Data below:
--

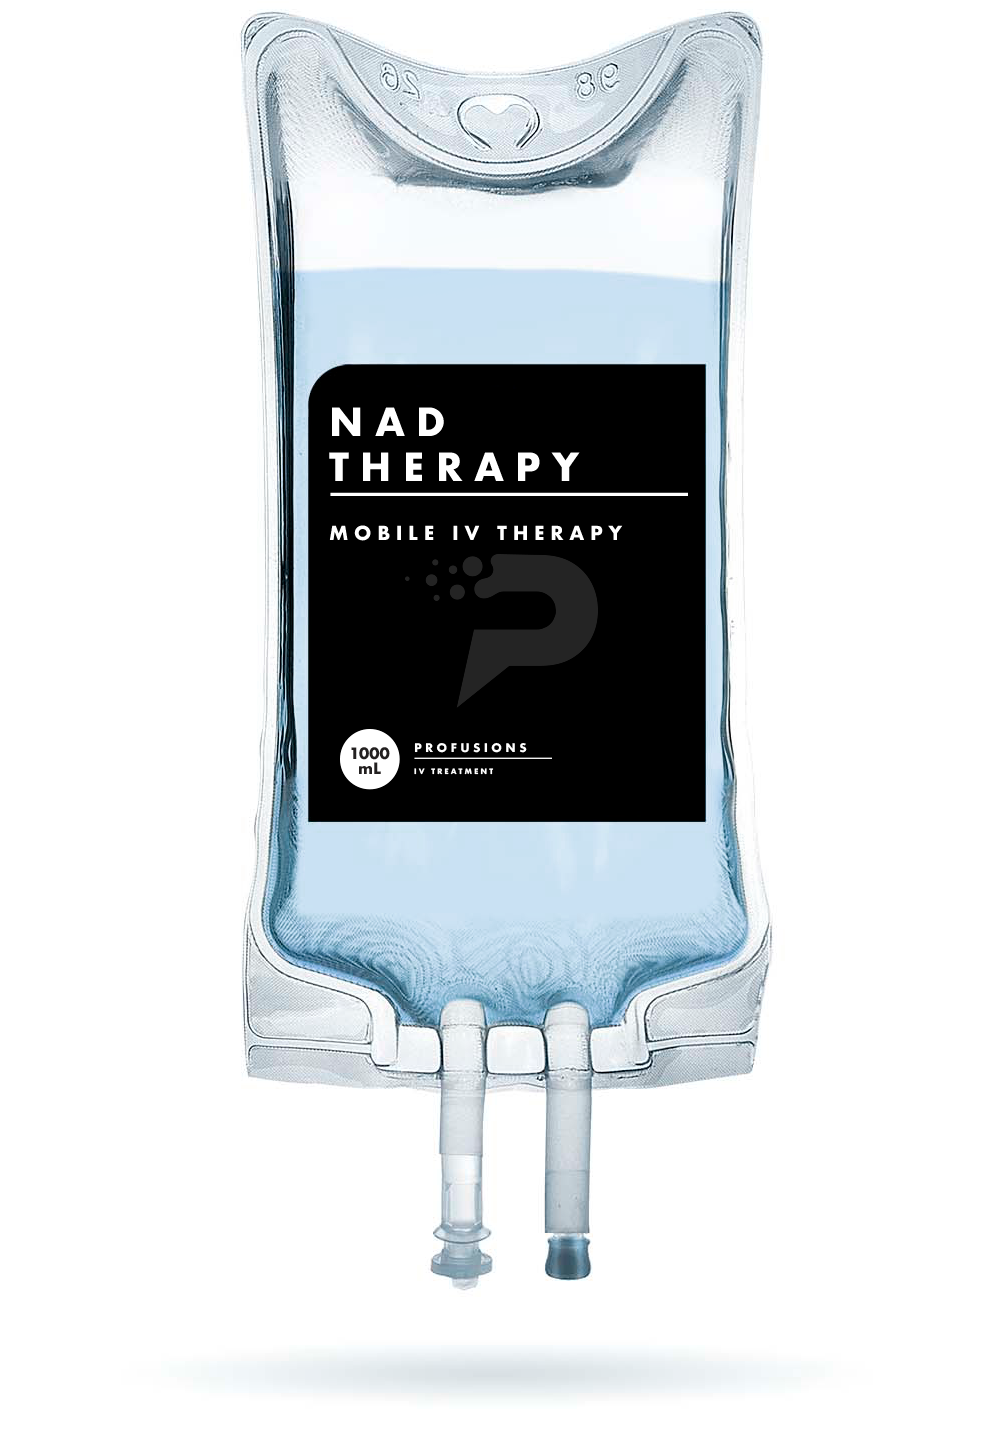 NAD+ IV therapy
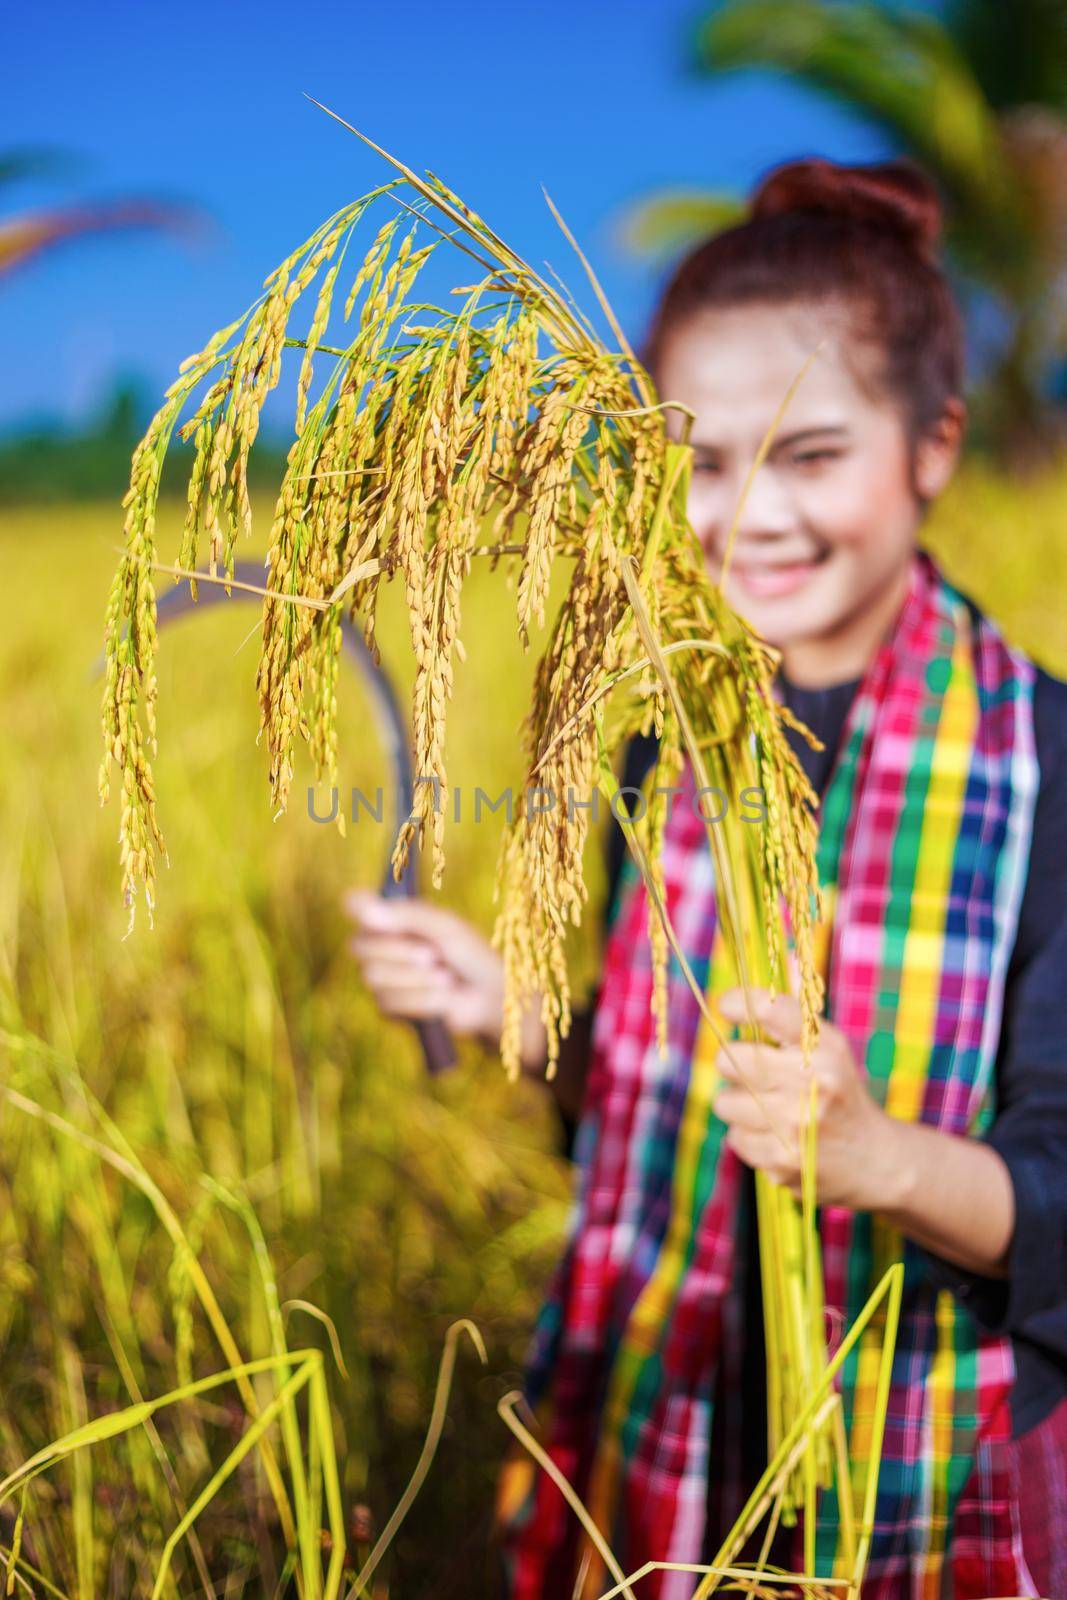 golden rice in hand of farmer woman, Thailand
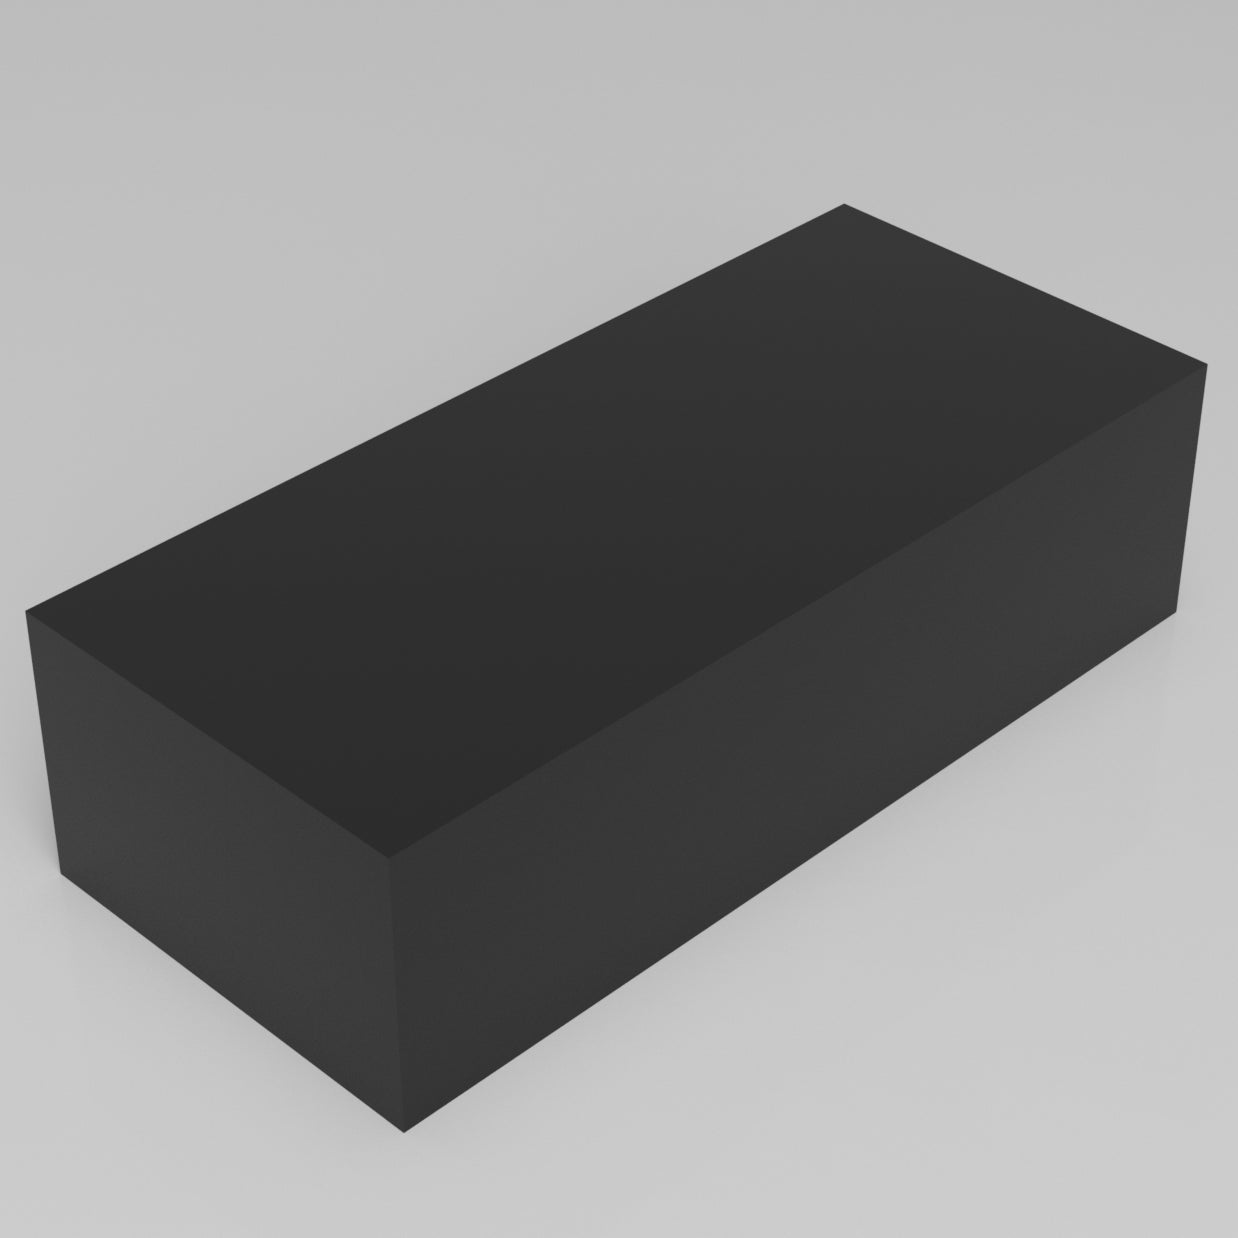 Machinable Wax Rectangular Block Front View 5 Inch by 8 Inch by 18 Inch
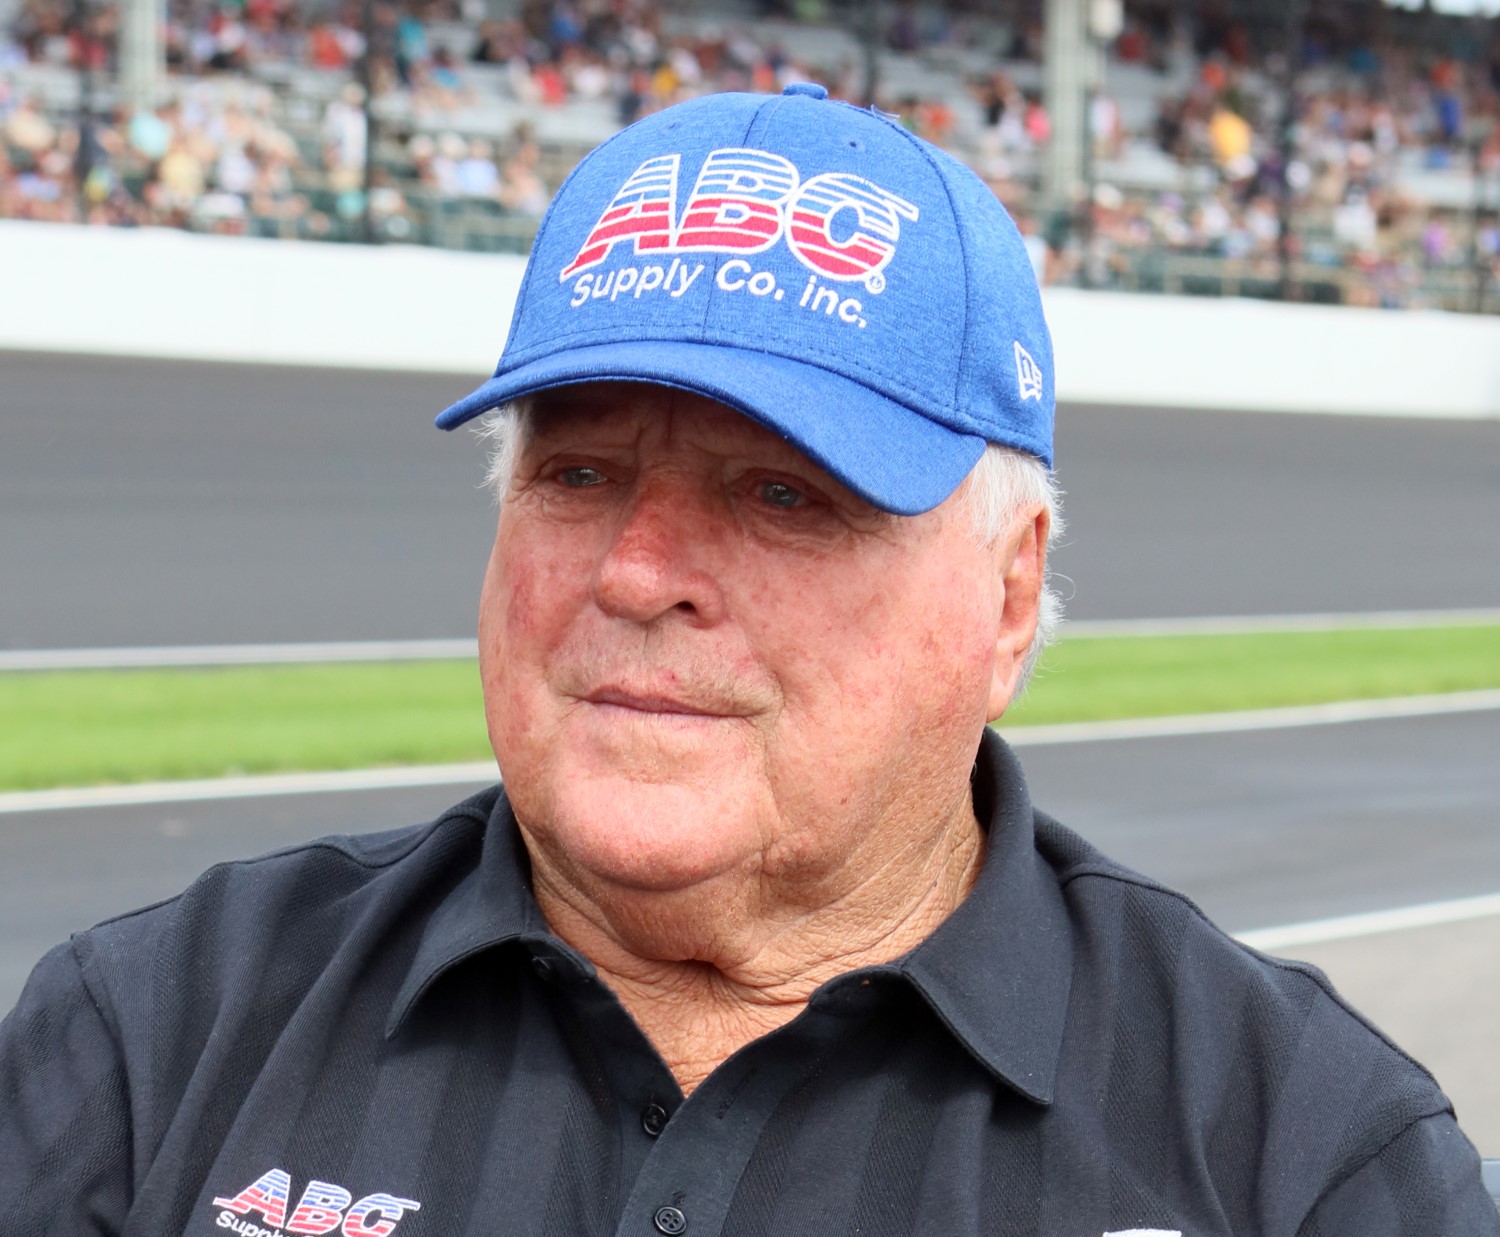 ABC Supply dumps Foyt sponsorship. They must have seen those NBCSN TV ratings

--

What needs to be done:
Copy the lines above exactly and exclude every image.

Answer below:
 NAD+ IV therapy
 golden rice in hand of farmer woman, Thailand
 Machinable Wax Rectangular Block Front View 5 Inch by 8 Inch by 18 Inch
 ABC Supply dumps Foyt sponsorship. They must have seen those NBCSN TV ratings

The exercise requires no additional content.